A love of motor racing is not required to enjoy James Mangold’s Le Mans 66 (known as Ford v Ferrari in some territories), just as it wasn’t required to enjoy other recent racing related films including Rush and Senna. I have absolutely no interest in the sport (or any sport for that matter), yet found myself riveted by this fact-based tale of Ford’s challenge to Ferrari’s supremacy in the notoriously gladiatorial 24 hour Le Mans race, circa 1966.

Henry Ford II (Tracy Letts) initially dismisses the idea of making a racing vehicle, despite being urged to by his staff. “James Bond doesn’t drive a Ford,” one marketing executive tells him. “That’s because he’s a degenerate,” Ford replies. Eventually though, after being insulted by Ferrari, Ford decides to go all-in to win Le Mans. He employs designer Carroll Shelby (Matt Damon) and maverick driver Ken Miles (Christian Bale), both of whom butt heads with the corporate suits at Ford, as they try to design a car that has a chance of winning.

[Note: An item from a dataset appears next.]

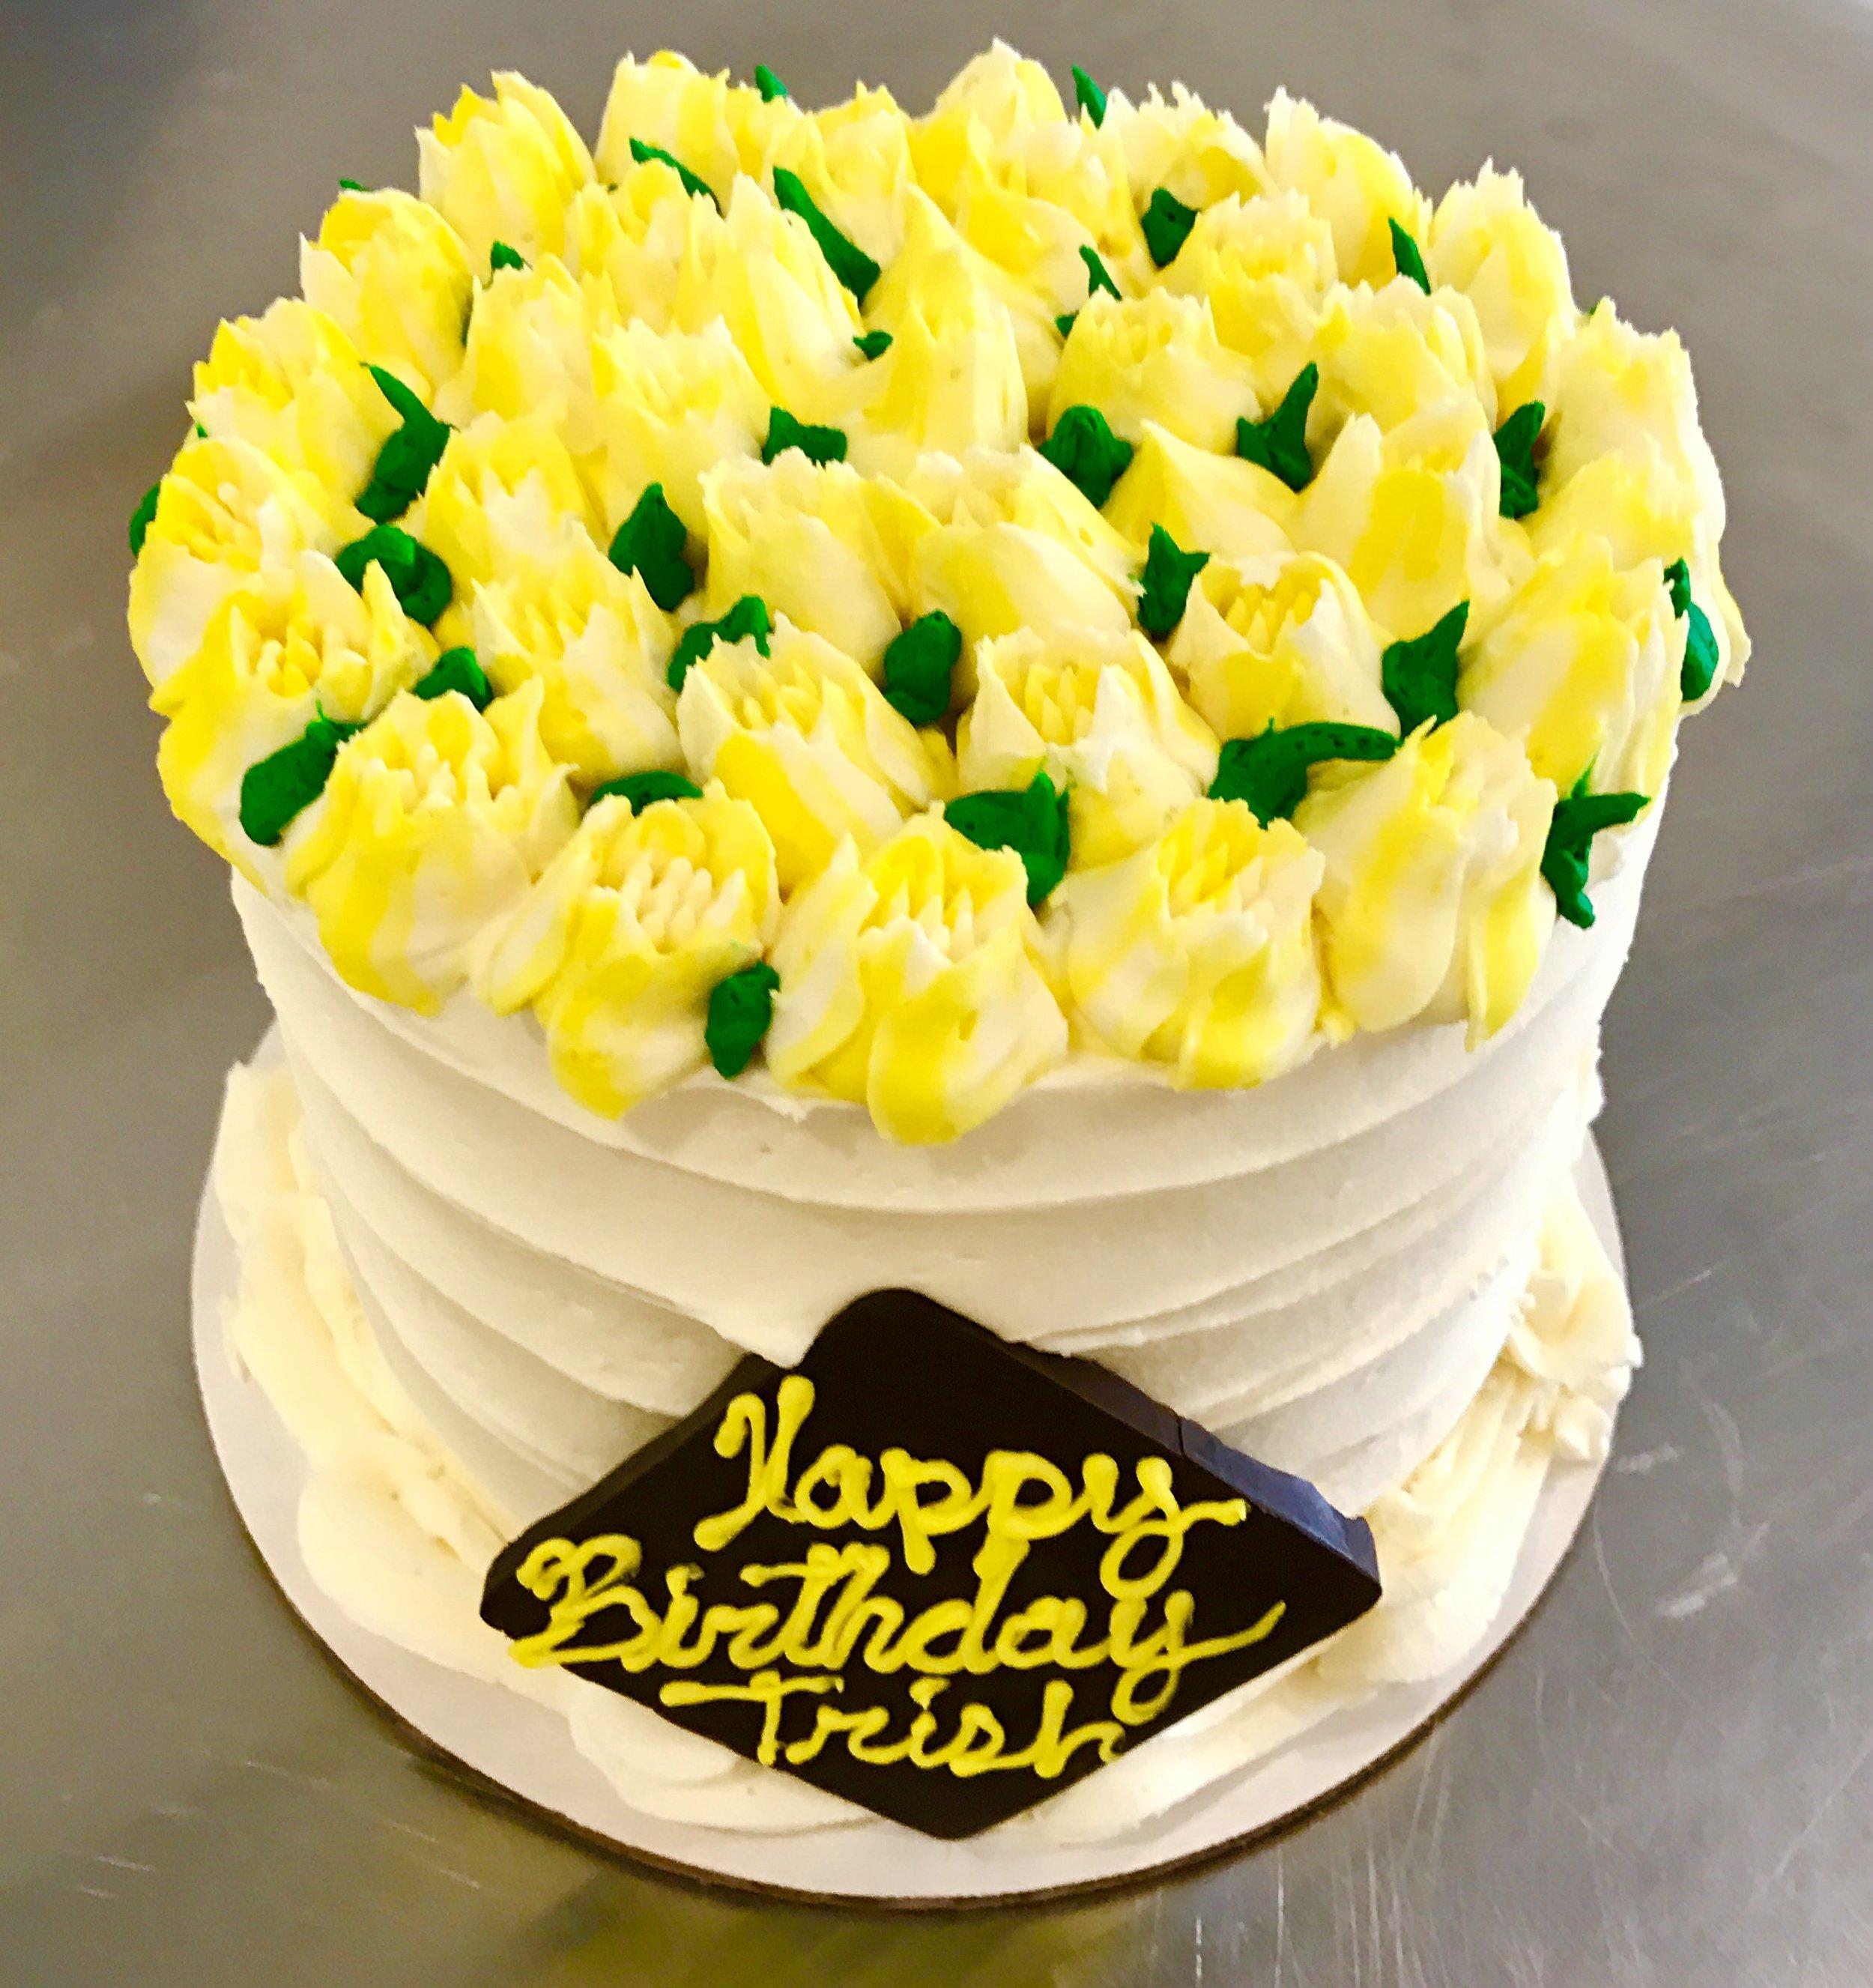 Birthspringyellowflowers.jpg

At the heart of the story is the friendship between Shelby and Miles, and their David and Goliath struggle echoes the well-worn sports film template of Rocky to very good effect. Damon and Bale are both superb, and there are generous supporting turns from the likes of Ray McKinnon, Noah Jupe, and Caitriona Balfe (the latter making the most out of an essentially one-note role). Mangold’s direction is spot-on, both in his observation of the relationships, and in the pulse-pounding racing sequences.

The disheartening interference from cowardly corporate schmoozers will likely strike a chord with those who deal with middle management purgatory on a regular basis. As other critics have noted, it is also possible read this as an allegory about Mangold’s own experiences working within the Hollywood studio system, especially in his struggles to make Logan.

All things considered, Le Mans 66 is a very entertaining and satisfying spectacle with real heart amid the roaring engines.